Le projet de loi voté par le Sénat ne réglera pas ces problèmes. Pourtant, notre pays aurait eu besoin d’une grande loi d’ouverture libéralisant l’accès aux archives. Il y a toujours eu, en France, une certaine omerta autour de dossiers « jugés » sensibles. Sonia Combe, dans son livre Archives interdites, dénonce des pratiques incohérentes et opaques autour des archives relatives à l’affaire Dreyfus, aux mutins et déserteurs des deux dernières guerres mondiales, à la Gestapo, aux camps d’internement français pour les étrangers et à la guerre d’Algérie, à tout ce qu’a rappelé tout à l’heure mon collègue et ami Jean-Pierre Brard.
Il est très difficile d’avoir accès à des documents sur ces sujets. Or le texte qui nous est soumis aujourd’hui est loin de répondre aux attentes légitimes des chercheurs et des utilisateurs des archives. Il contient des dispositions qui portent atteinte à la liberté d’écriture et à la recherche historique. Il restreint de façon arbitraire le droit d’accès des citoyens aux archives publiques contemporaines. Il renforce et rallonge les régimes d’exception, et crée une catégorie d’archives incommunicables. Ce texte renoue avec la culture du secret : le mot « secret » est employé quatorze fois dans le texte.
Mes chers collègues, nous ne devons pas craindre le travail des historiens. Ce sont des documents déposés dans les fonds du département de la Gironde, envoyés au Canard enchaîné, qui ont lancé le processus ayant conduit à la condamnation de Maurice Papon.
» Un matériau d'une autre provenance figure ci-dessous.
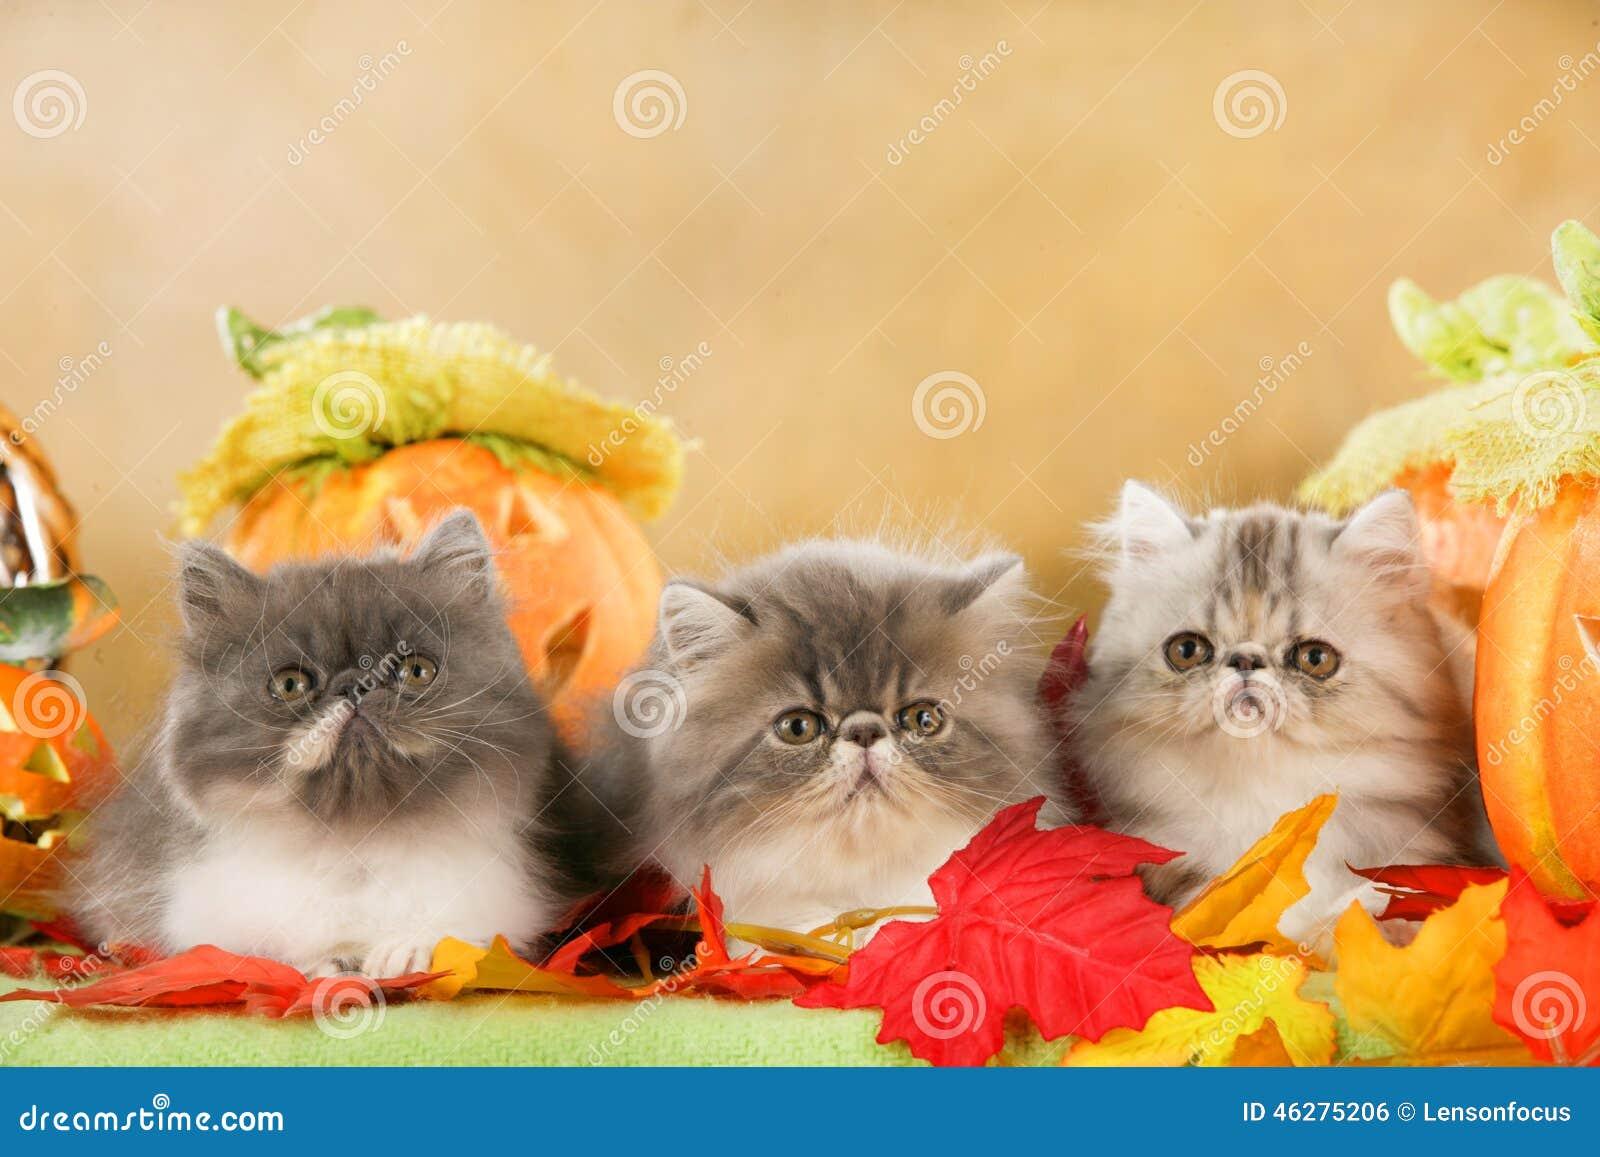 cat lynx autumn foliage - photo #36

La France doit assumer son histoire contemporaine et, pour cela, faciliter la consultation des archives et limiter les régimes d’exception. C’est le sens des amendements déposés par mes collègues communistes et moi-même.
Je reconnais le travail de la commission des lois et de son rapporteur, mais les modifications apportées au texte restent insuffisantes.
Enfin, comme le dénonce l’association des archivistes français, aucune étude d’impact n’a été menée concernant l’application de la loi. Il est probable que l’instauration du principe de libre communicabilité, principale avancée du texte, engendre une augmentation de la fréquentation des lieux d’archivages. Or aucun moyen supplémentaire n’est prévu pour répondre à cette future demande.
Comme l’ensemble de la fonction publique, les archives subiront le non-remplacement d’un départ à la retraite sur deux. Pis, la fusion de la direction des archives de France au sein d’une super direction du patrimoine fait planer la menace d’une perte de moyens pour le stockage des archives et d’une dégradation des conditions de travail pour les salariés. Nous ne devons pas sacrifier notre service public d’archives. Les archives doivent être au cœur de la cité. Elles sont la mémoire de l’État et les remparts indispensables contre l’arbitraire.
En conclusion, les députés communistes et républicains conditionnent leur vote sur ce texte au sort que connaîtront leurs amendements. En l’état, ils ne peuvent que s’opposer à son application.